La musique est à l’origine d’expérience subjective chez l’Homme. En effet, du fait de sa complexité, elle est devenue une discipline à part entière dans les domaines de recherches comme les neurosciences cognitives. Aujourd’hui, de nombreuses études scientifiques sont réalisées sur la musique et une partie de ces études montrent que celle-ci peut avoir des effets thérapeutiques ainsi qu’un impact important sur le cerveau humain.

Le premier instrument de musique date de 30 à 40 000 ans, et cela fait environ 100 000 ans que l’Homme est capable de produire de la musique. Aujourd’hui la musique est définie comme l’art qui permet à l’homme de s’exprimer par l’intermédiaire des sons. Ou encore comme la science des sons considérés sous le rapport de la mélodie et du rythme. Elle est pratiquée partout dans le monde et a une place culturelle importante.

Le cerveau musicien

 

Pratique de la musique et enseignement sur le cerveau

La pratique de la musique est une activité complexe qui fait appel à différentes zones du cerveau et donc à de nombreuses fonctions cognitives. Lorsqu’un musicien joue de son instrument, il fait appel à ses capacités auditives mais aussi visuelles (pour lire la partition et regarder ses mains). Enfin il sollicite aussi sa proprioception afin de déplacer ses doigts/ses mains correctement sur l’instrument.

Hervé Platel, chercheur à l’unité Inserm U1077, a réalisé des travaux permettant de cartographier la mémoire musicale chez des sujets musiciens et non-musiciens. Il a alors pu mettre en évidence chez les musiciens une hypertrophie d’une région du cerveau, l’hippocampe. C’est une région cérébrale clé dans la mémoire. Elle est aussi une des rares à produire de nouveaux neurones tout au long de la vie.
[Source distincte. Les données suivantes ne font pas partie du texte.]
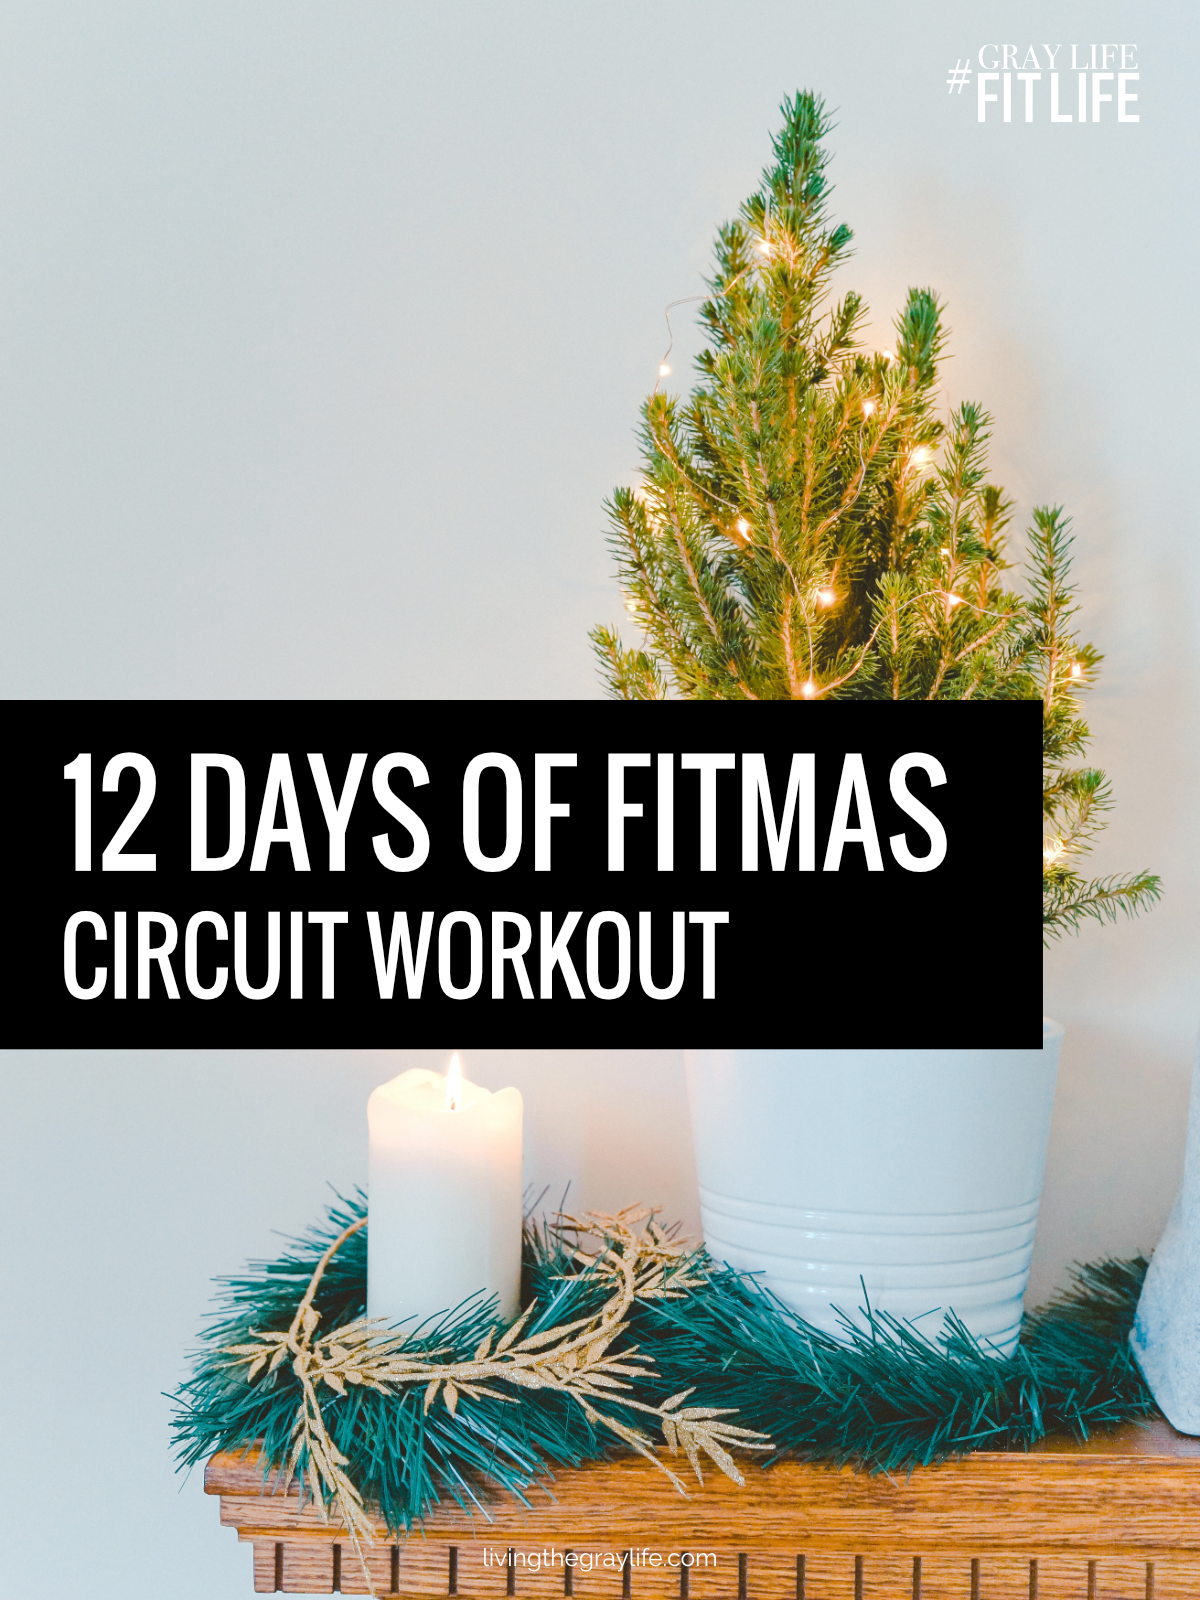 12 Days of Fitmas Circuit Workout

D’autres études ont pu montrer que la pratique d’un instrument de musique débutée jeune et poursuivie sur du long terme (> 10 ans) permet

  • une amélioration des performances de mémoire verbale,
  • et des aptitudes visuo-spatiales
  • ou encore de la planification à un âge avancé (entre 60 et 83 ans).

 

Musicien ou non musicien

Mais si vous n’êtes pas musicien, ne vous inquiétez pas, une étude réalisée chez des personnes âgées d’environ 70 ans et n’ayant jamais pratiquées d’un instrument de musique a montré que 6 mois de pratique du piano, à raison de 3h par semaine, amélioraient les capacités de traitement visuel, la planification, la concentration et l’attention. Ces effets bénéfiques sont observables jusqu’à 3 mois après l’arrêt de la pratique. Il n’est donc pas trop tard pour apprendre à jouer d’un instrument !

 

Mécanismes cognitifs du cerveau

Enfin, la pratique de la musique modifie à la fois le fonctionnement et la structure du cerveau et a également un impact sur des régions cérébrales impliquées dans des mécanismes cognitifs de haut niveau telles que l’attention ou la mémoire. La mémoire étant un enjeu clé dans certaines pathologies neurodégénératives, ses travaux se sont poursuivis avec l’étude de la musique chez des malades atteints de la maladie d’Alzheimer.

 

Musique et maladie d’Alzheimer

 

La musique possède des vertus sur différentes maladies comme la maladie d’Alzheimer et plus particulièrement sur la mémoire des malades.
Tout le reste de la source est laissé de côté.